Bright Eyes Family Vision
Avoid the Blue Light Blues
Updated: Feb 14, 2018
Blue light has been a hot topic in the eyecare industry lately, but what does it mean to you? Most people would agree that light is good for vision, because without it, well, we wouldn't see anything. But visible light actually contains the full spectrum of colors, each color having its own energy and wavelength. Blue light has a short wavelength which correlates to higher energy. As you know, wavelengths beyond visible blue light, called ultraviolet (UV) radiation, can cause damage to our eyes and skin. But new studies are showing that there may be adverse effects from too much exposure to high energy blue light.

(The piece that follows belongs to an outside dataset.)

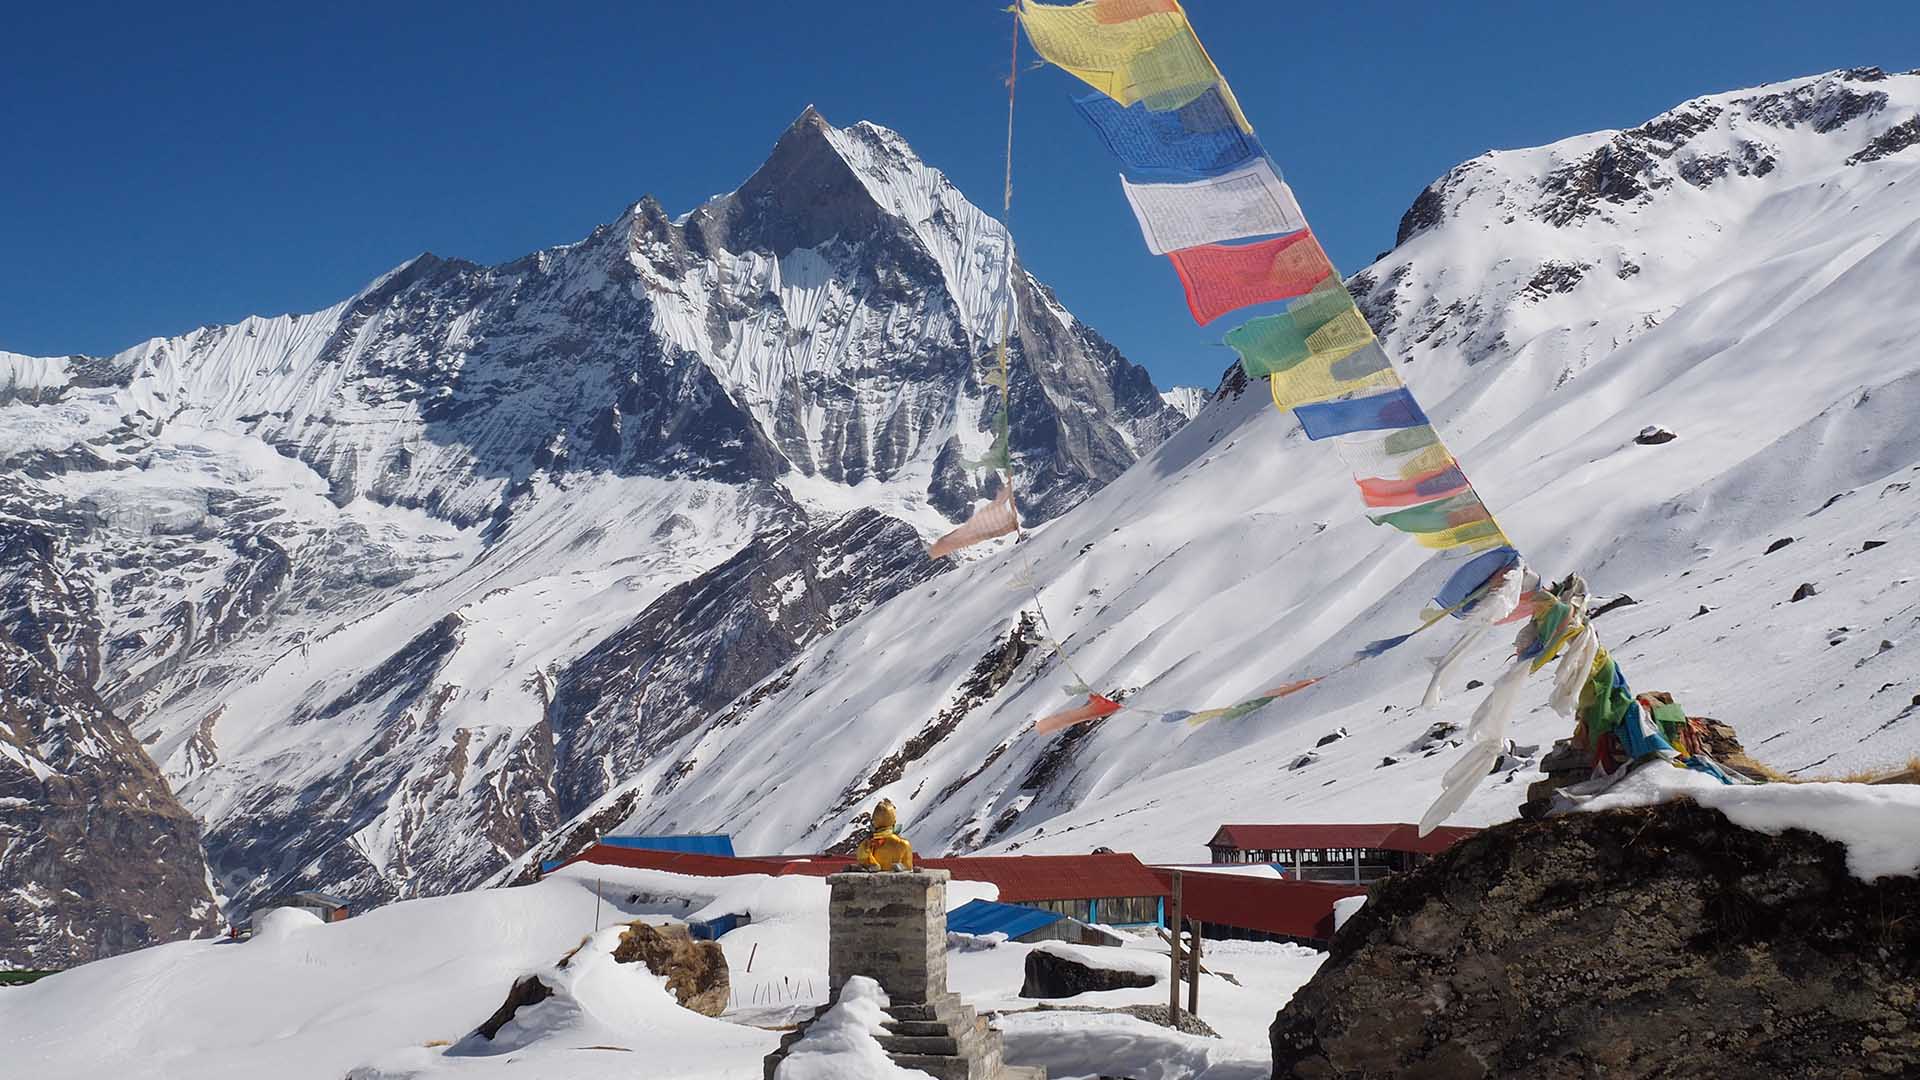 How Difficult Is The Trek To Annapurna Base Camp?

Blue light is found everywhere. The greatest source is the sun. But blue light is also emitted by fluorescent lights, LEDs, and digital devices. Now that we’re spending so much time indoors in front of computer screens, phones, and tablets, our eyes are even closer to the source. Blue light also is more difficult for the eye to focus because it scatters more easily than other wavelengths. This can lead to eye strain if you’re stuck staring at a computer screen all day. New lab studies are also showing some evidence that blue light can cause damages to the light sensitive cells in your retina. This may lead to an increased risk of macular degeneration.

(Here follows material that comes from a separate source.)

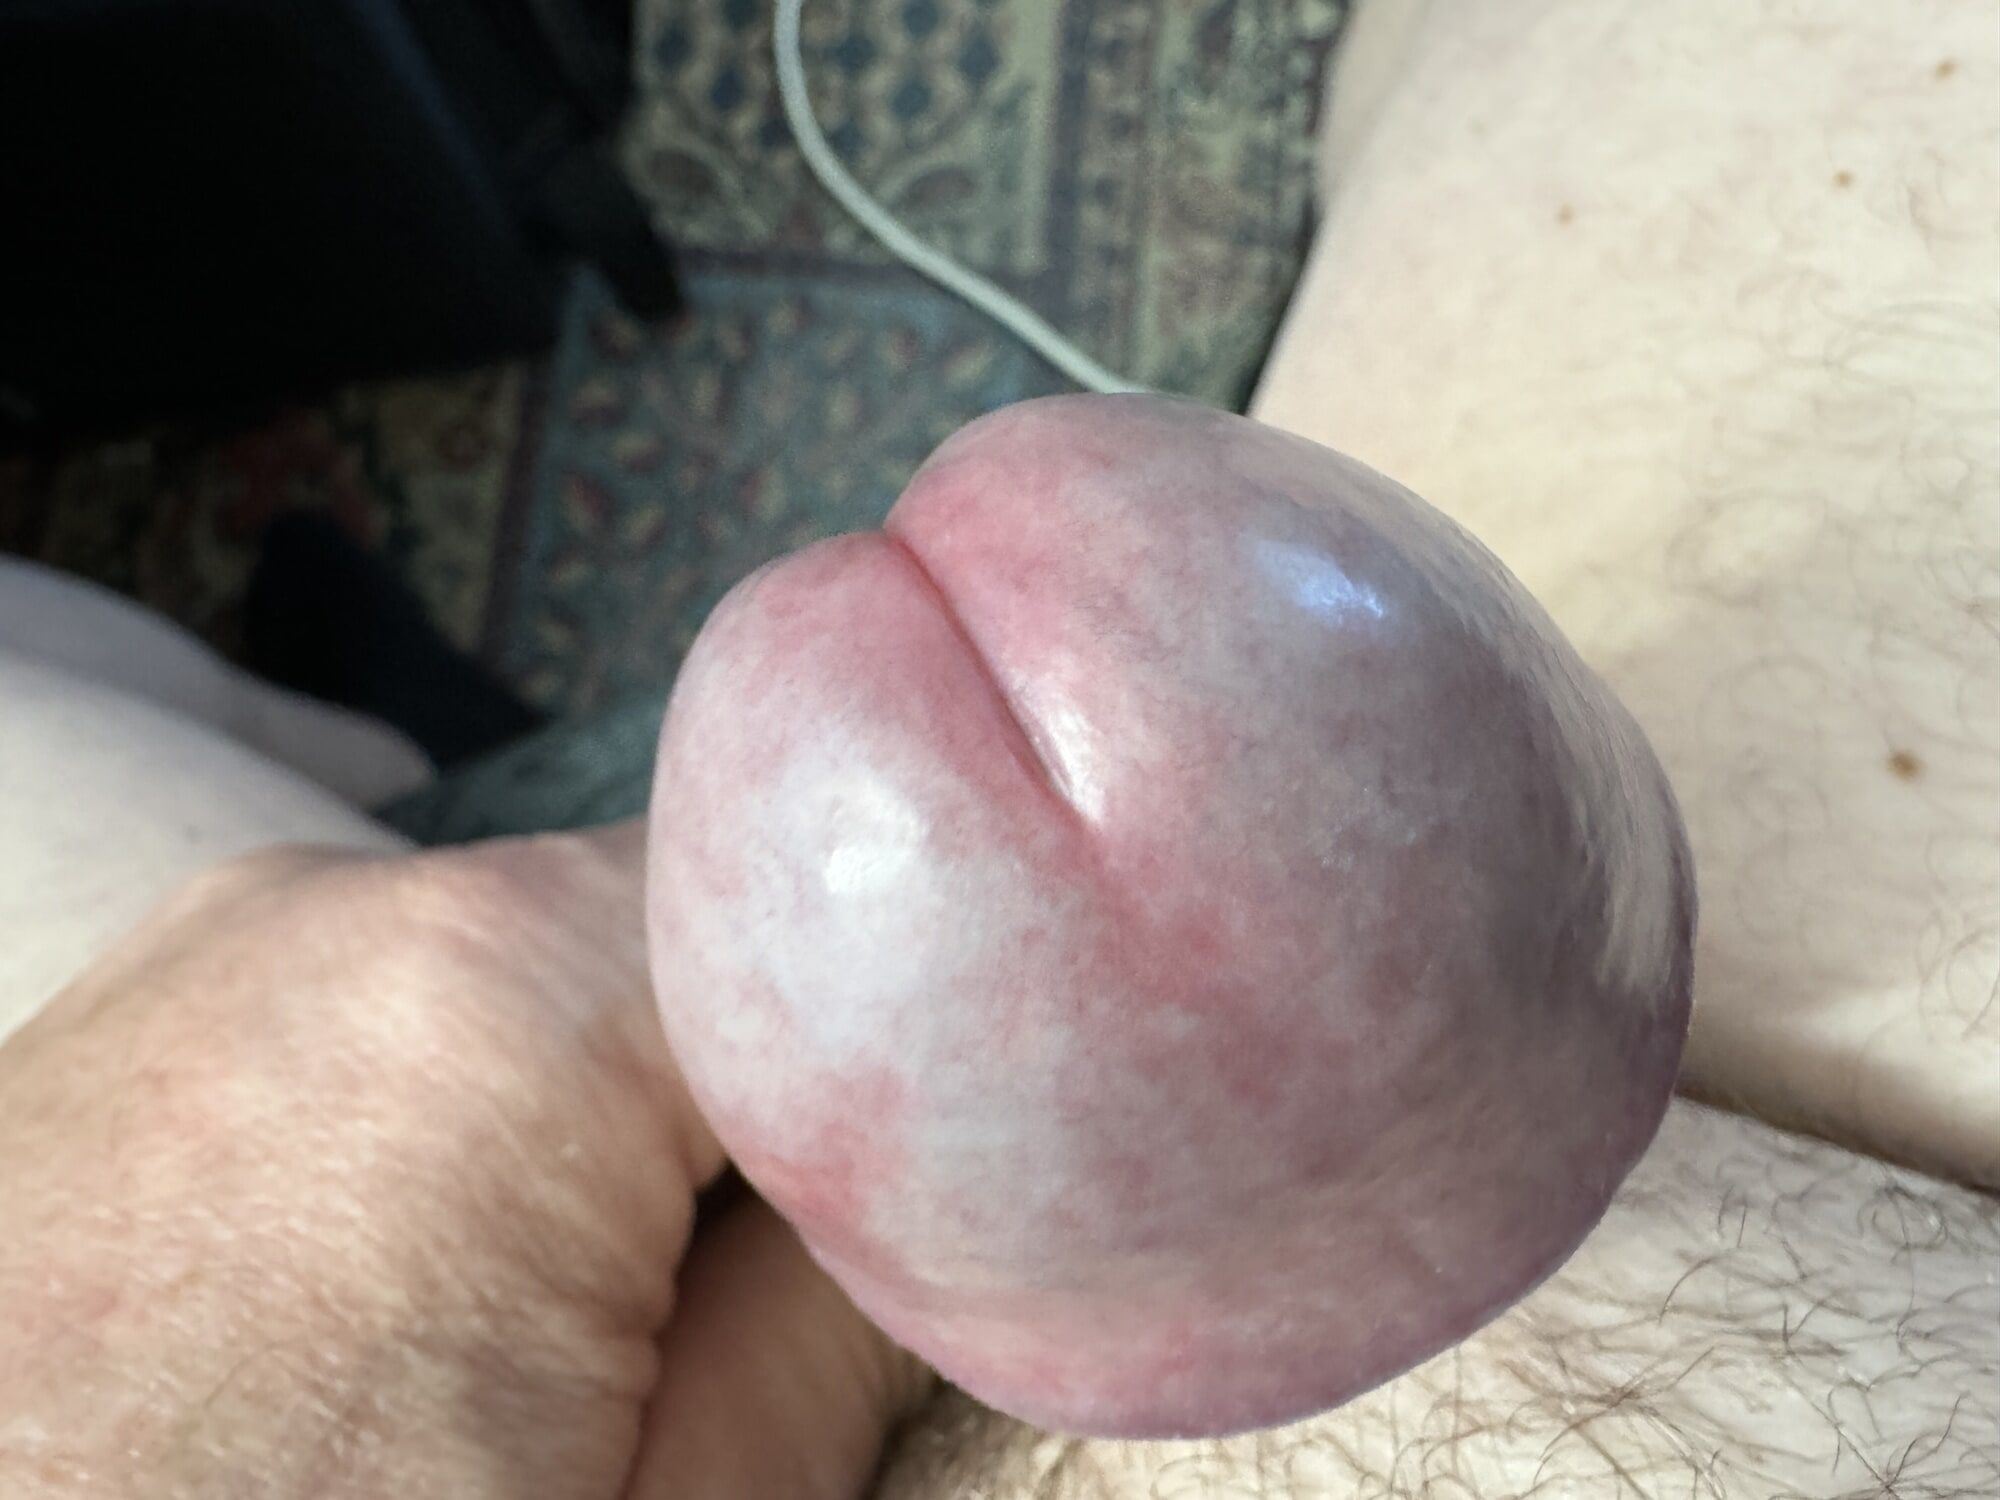 My hot cock

So why not block all blue light so our eyes are as safe as possible? There are some benefits to being exposed to the full visible spectrum. Blue light is important for regulating sleep cycles, boosting moods, and improving memory function. However, there are many options available to make sure you receive a healthy amount of blue light.
Blue Light Filters
Many smartphones these days have blue blocking filters built in, often on a timer. Ideally you want to limit your exposure to blue light at least an hour before bedtime. This helps maintain your circadian rhythm for a better night’s sleep. If your phone didn't come with a filter, there's an app for that! You can also download filters for your computer or tablet. The example pictured here is from the Blue Light for Eye Care app found in the Google Play Store.

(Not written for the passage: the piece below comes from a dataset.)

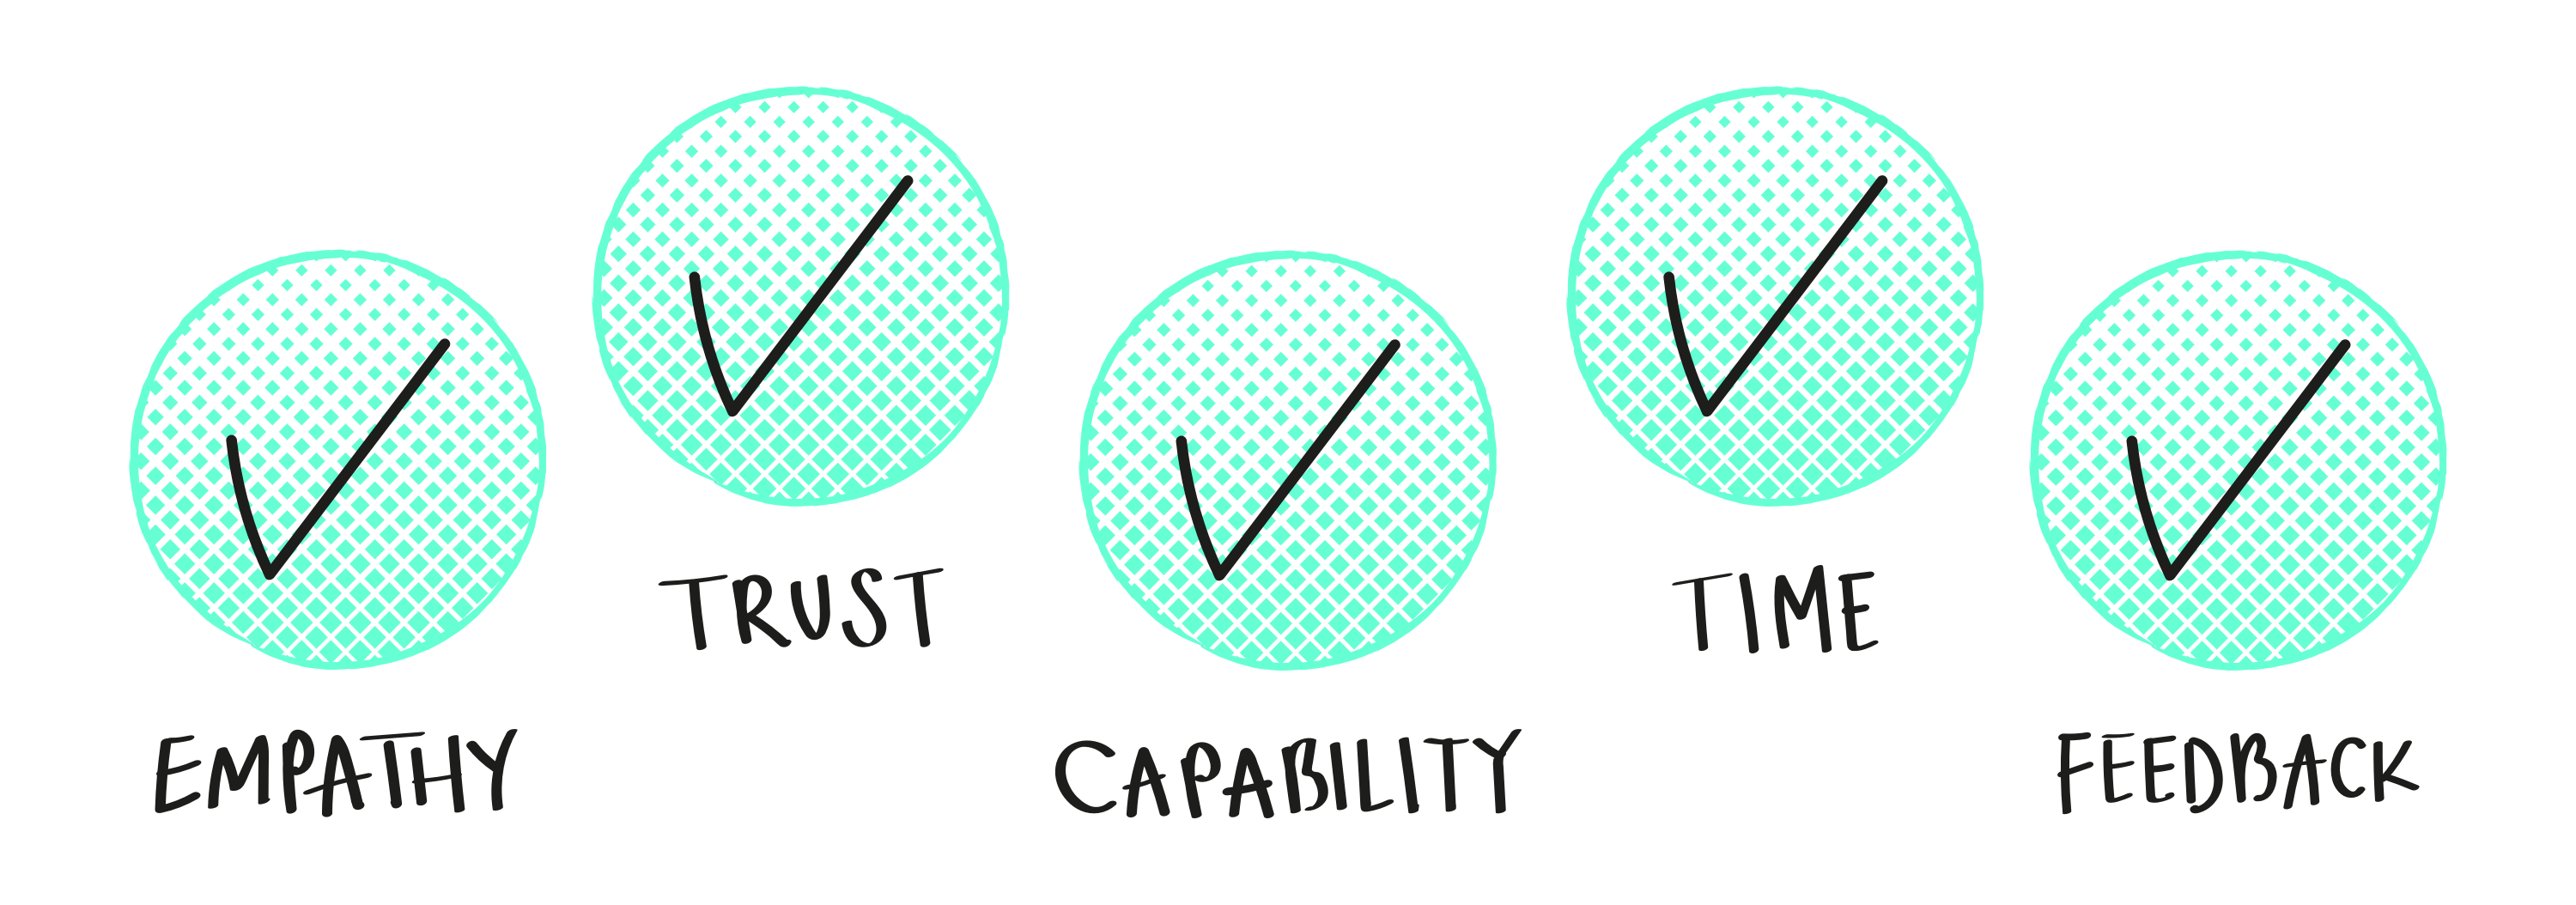 Five circle icons, each with a tick nested within, listing: empathy, trust, capability, time and feedback

If you don’t like the way phone filters change your display color, consider new lenses that reduce your blue light exposure. This can be achieved through anti-reflective coatings which decrease blue light by 20-30%. Some lens designs even have a clear filter built-in that also reduces blue light transmission. Adding Transitions® to your lenses can also increase blue light protection up to 85% when you’re outdoors.